From 134764ed6e12d9f99b3de68b8aaeae1ba842d91c Mon Sep 17 00:00:00 2001
From: Aravinda Prasad <aravinda@linux.vnet.ibm.com>
Date: Thu, 11 May 2017 16:32:48 +0530
Subject: KVM: PPC: Book3S HV: Add new capability to control MCE behaviour

This introduces a new KVM capability to control how KVM behaves
on machine check exception (MCE) in HV KVM guests.

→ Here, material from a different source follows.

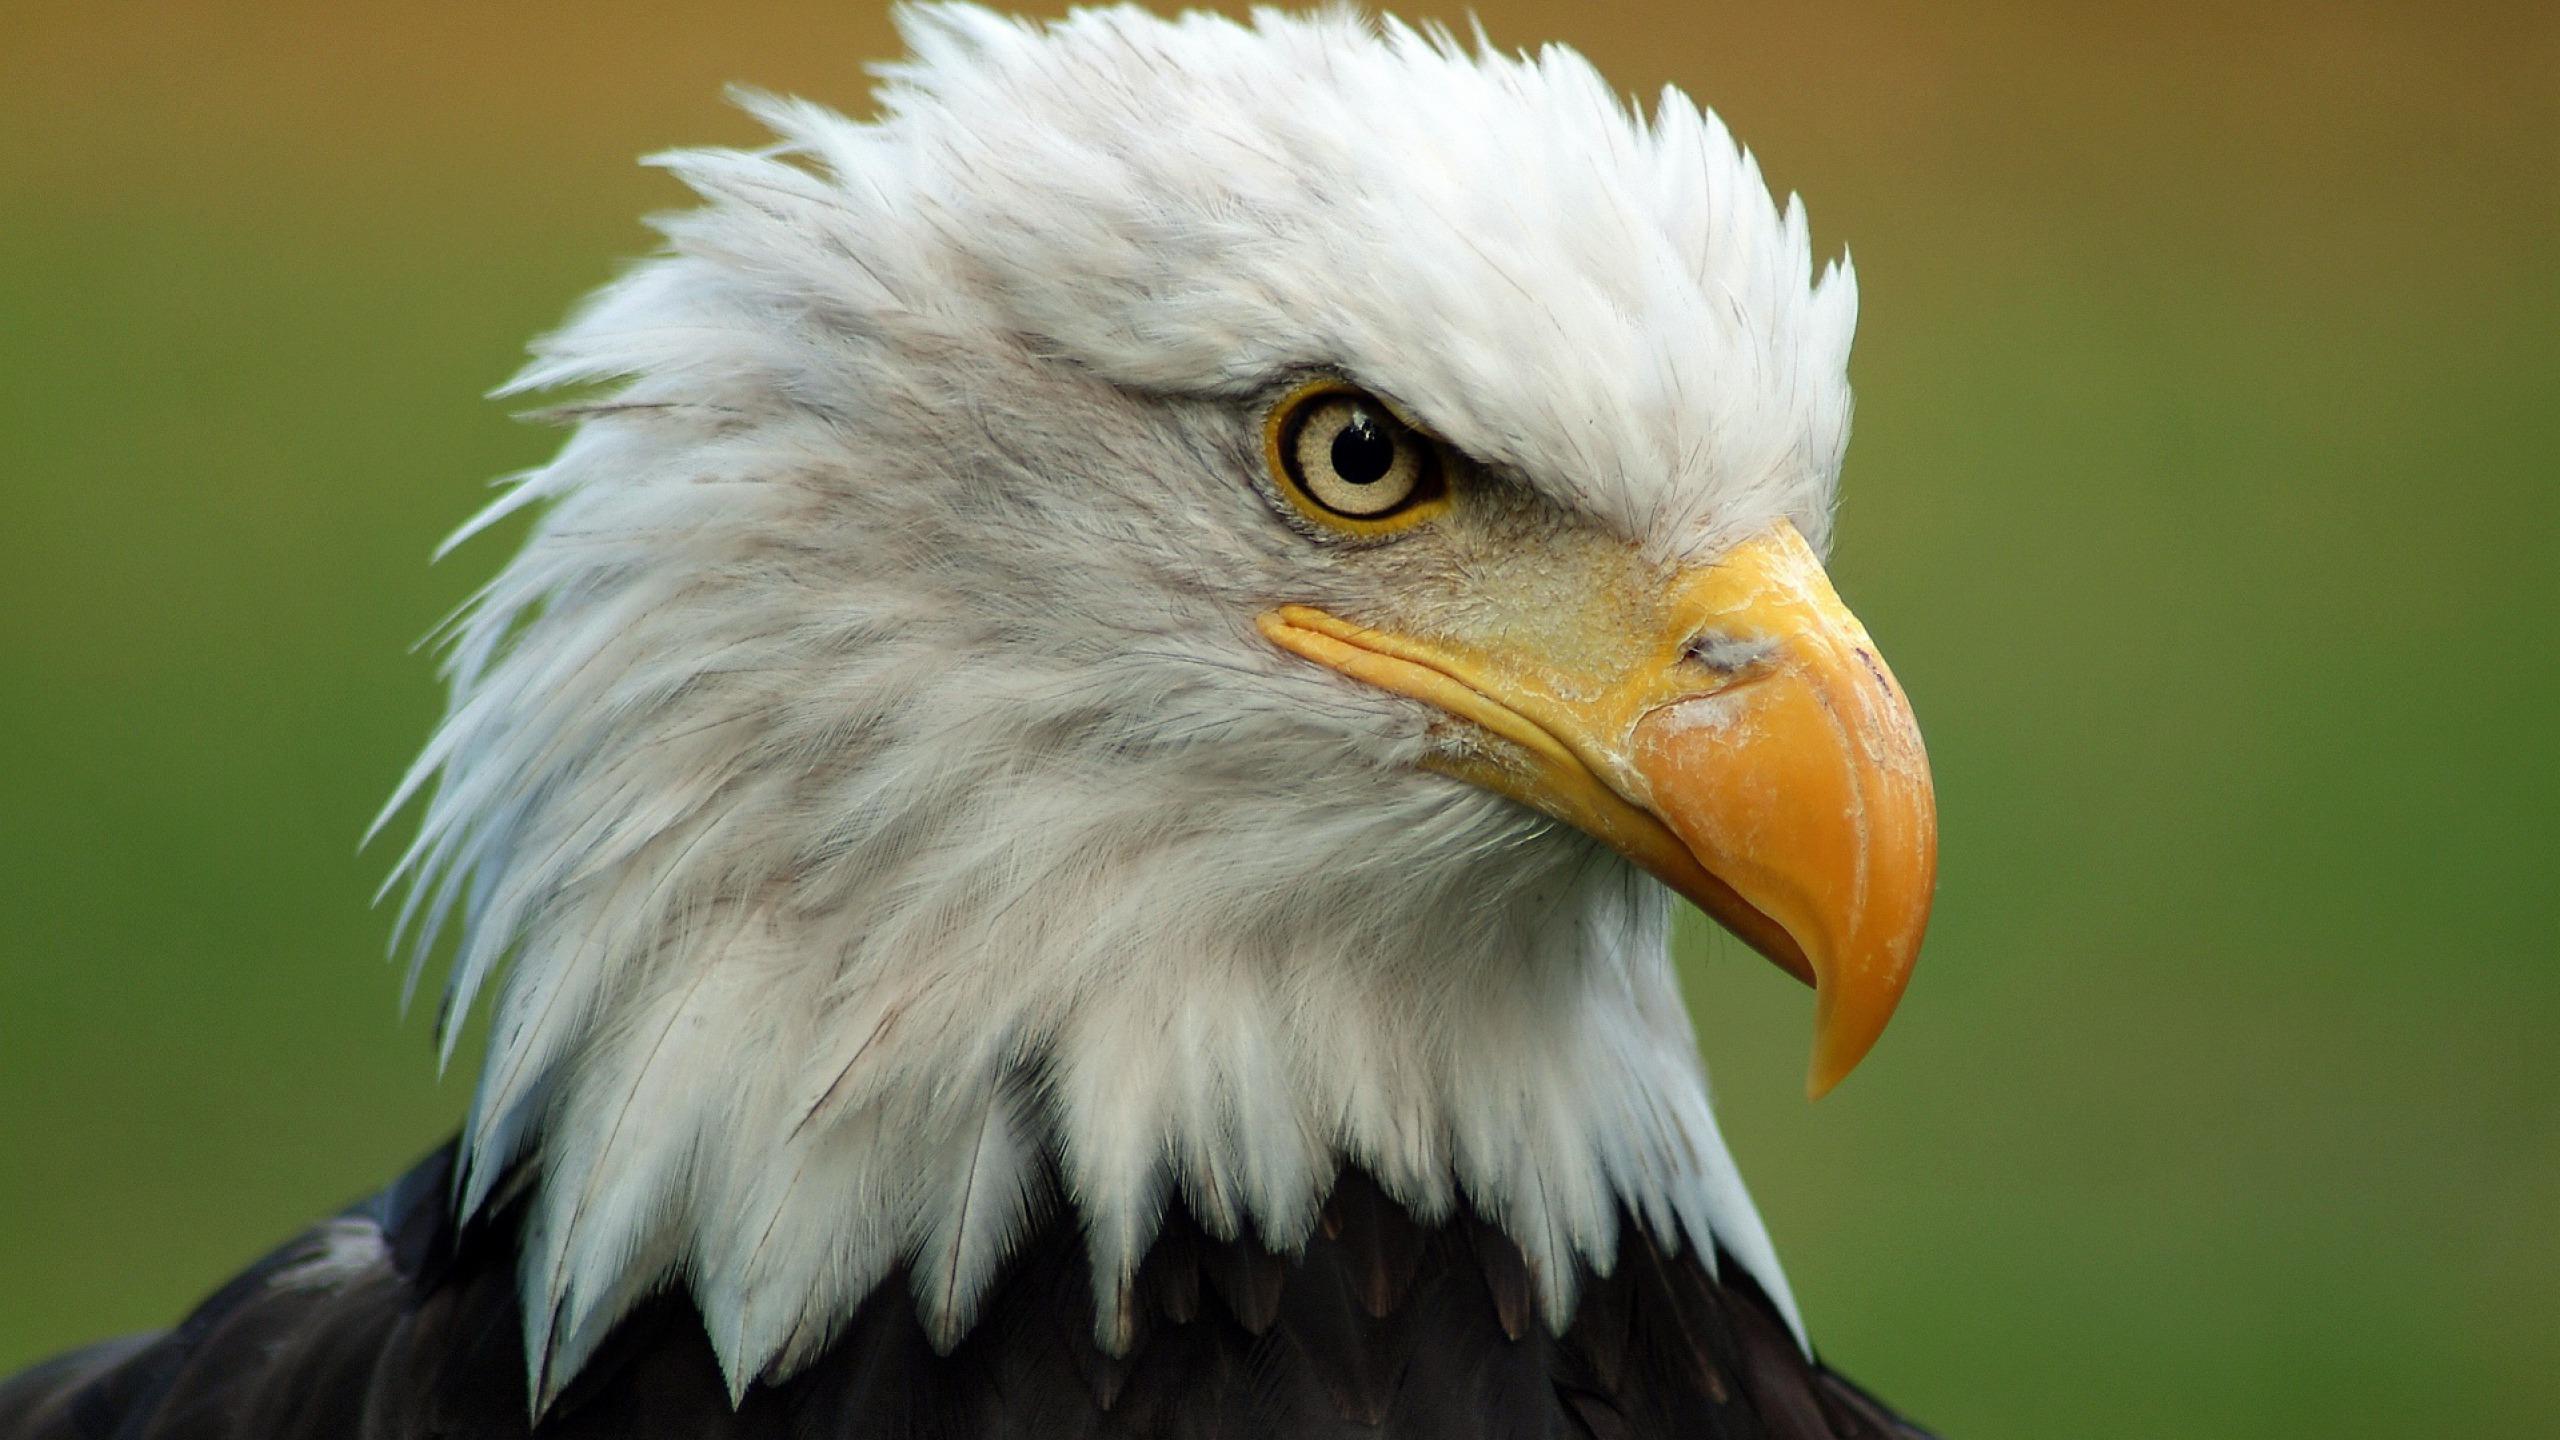 bald eagle hd wallpapers beautiful desktop background images 2560x1440

If this capability has not been enabled, KVM redirects machine check
exceptions to guest's 0x200 vector, if the address in error belongs to
the guest. With this capability enabled, KVM will cause a guest exit
with the exit reason indicating an NMI.

The new capability is required to avoid problems if a new kernel/KVM
is used with an old QEMU, running a guest that doesn't issue
"ibm,nmi-register".  As old QEMU does not understand the NMI exit
type, it treats it as a fatal error.  However, the guest could have
handled the machine check error if the exception was delivered to
guest's 0x200 interrupt vector instead of NMI exit in case of old
QEMU.

[paulus@ozlabs.org - Reworded the commit message to be clearer,
 enable only on HV KVM.]

Signed-off-by: Aravinda Prasad <aravinda@linux.vnet.ibm.com>
Reviewed-by: David Gibson <david@gibson.dropbear.id.au>
Signed-off-by: Mahesh Salgaonkar <mahesh@linux.vnet.ibm.com>
Signed-off-by: Paul Mackerras <paulus@ozlabs.org>
---
 Documentation/virtual/kvm/api.txt   | 11 +++++++++++
 arch/powerpc/include/asm/kvm_host.h |  1 +
 arch/powerpc/kernel/asm-offsets.c   |  1 +
 arch/powerpc/kvm/powerpc.c          | 14 ++++++++++++++
 include/uapi/linux/kvm.h            |  1 +
 5 files changed, 28 insertions(+)

(limited to 'arch/powerpc/kvm/powerpc.c')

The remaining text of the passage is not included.